Aelis designer Sofia Crociani has toyed with the idea of memory and time this season, adding vintage elements to her collection with a slightly darker base.
Antique lace, jewelry and crystals from her personal collection have been replaced with a personal touch, and Crociani has worked once again with air-light mousseline and tulle for sherbet sheer gowns. hers.
Stronger, sculptures are made of satin, such as a small dark purple dress that wraps around the body in a large swaddle. Another coat is a white coat, embellished with lace and crystals, topped with a pair of classic Levi’s Red Tab cropped boots. The surprising combination of duchesse and denim is intended to evoke memories of the pre-90s social media, grunge and Kurt Cobain.
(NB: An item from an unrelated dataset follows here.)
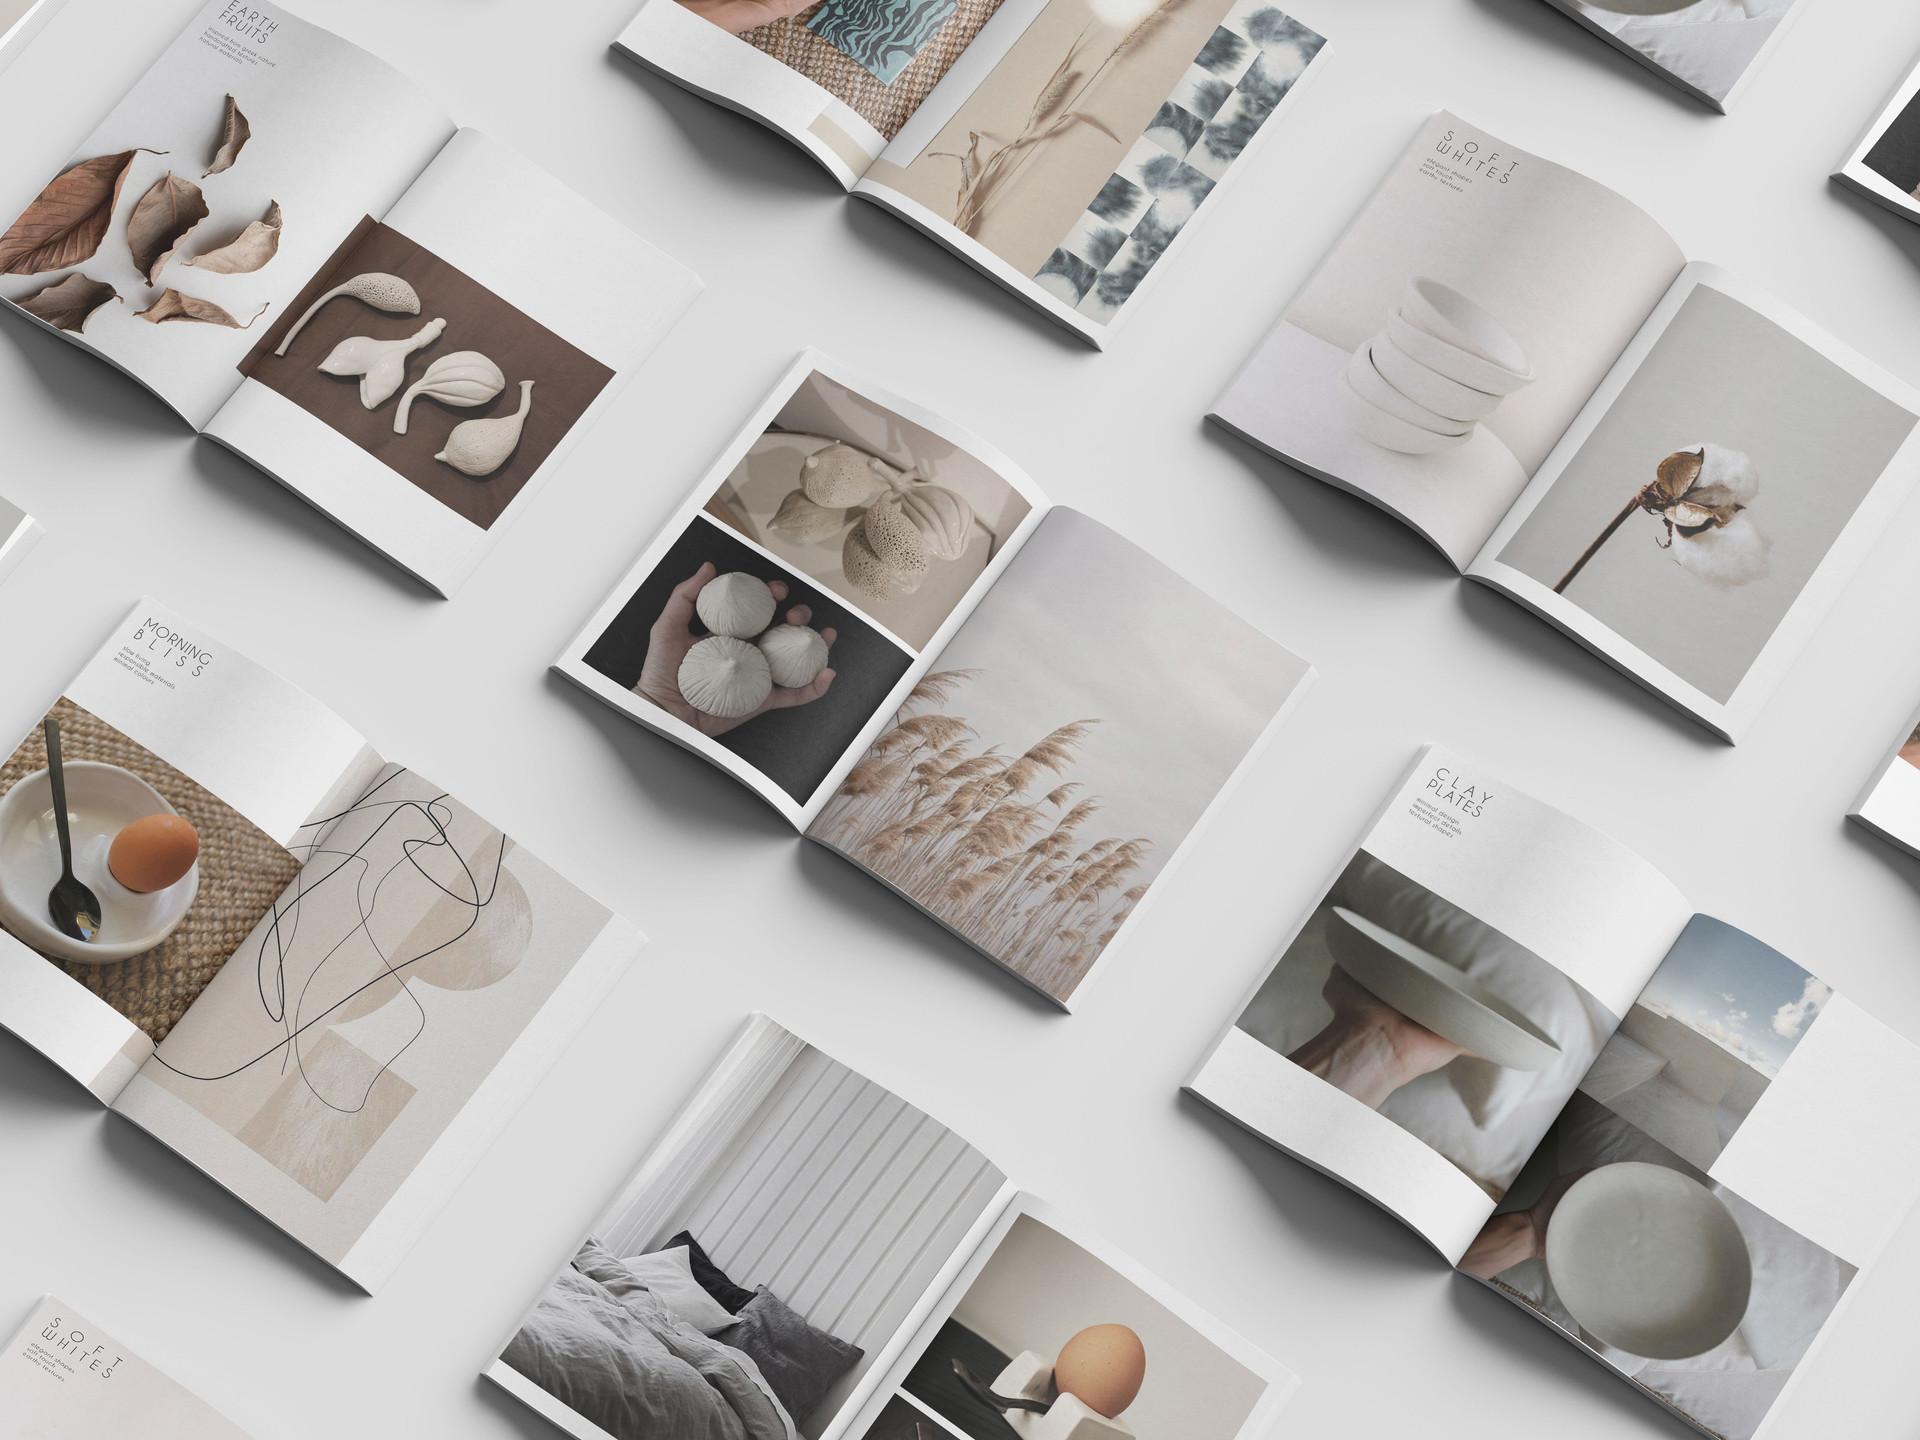 vf-ceramics_pages_web.jpg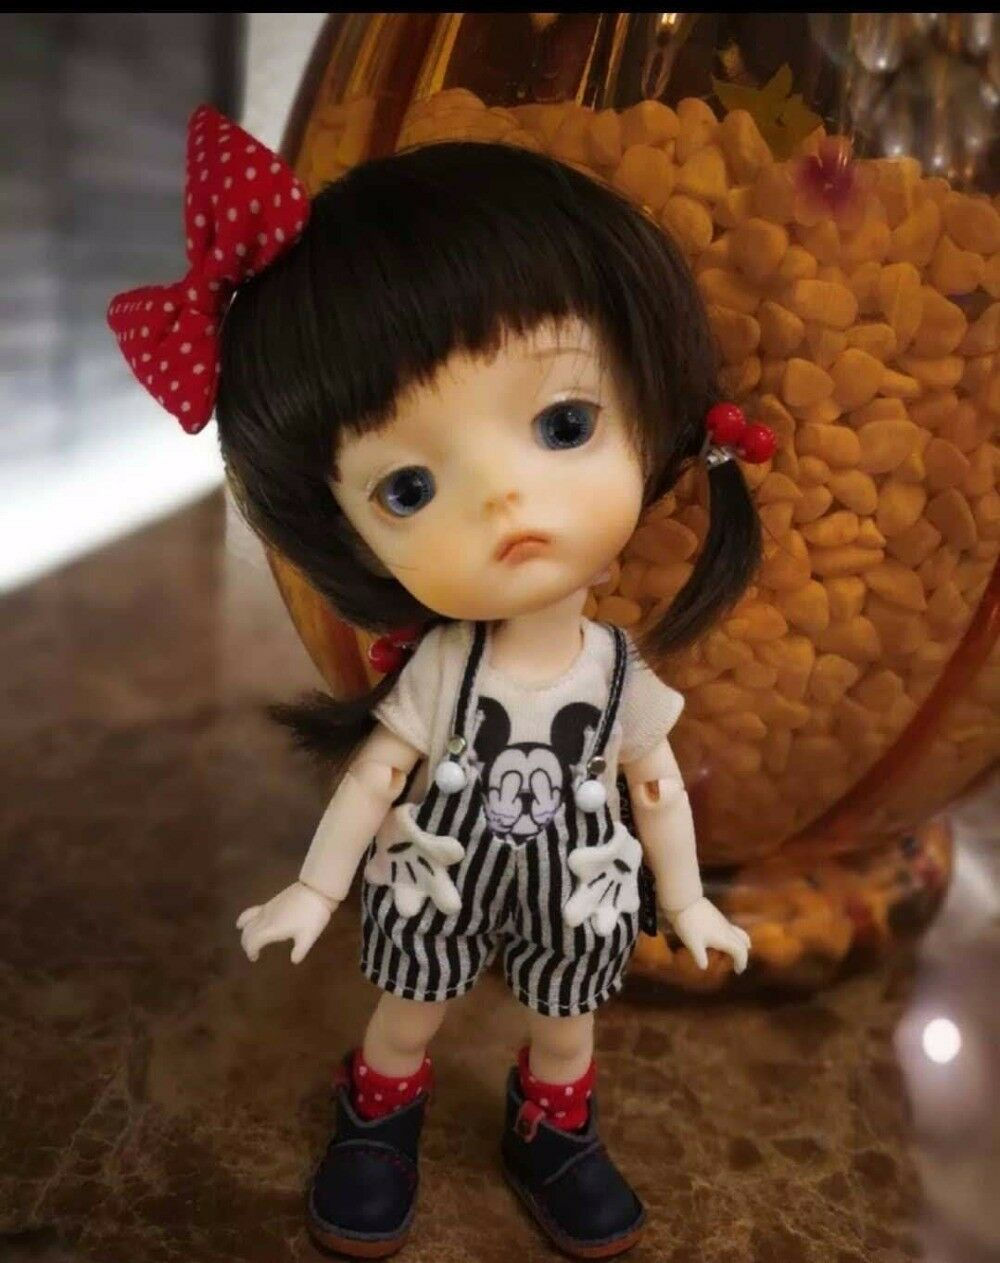 1 8 bjd doll Ming recast dollfie manga anime fairyland sd muñeca cute tiny

“It’s a small homage,” Crociani told WWD. “It was a moment when something very extraordinary was happening, a freedom [that] feel special. It’s tragically but also liberating. The structure of haute couture needs a bit of freedom. Some models also go barefoot in the accompanying film to add another layer of comfort, around artist Gabriele Dal Dosso’s light installations.
Using 30 year old jeans is a sign of sustainability and she doesn’t shy away from her eco ethos, sourcing from Italian and Japanese factories can provide traceability sustainable supply chain roots. This sensibility, she says, appeals to her younger clientele, who are more environmentally conscious.
Crociani said of this house: “We are going very fast in this society but we like to go slow. How slow? An ethereal slick dress topped with humanely sourced feathers took two years to collect by hand.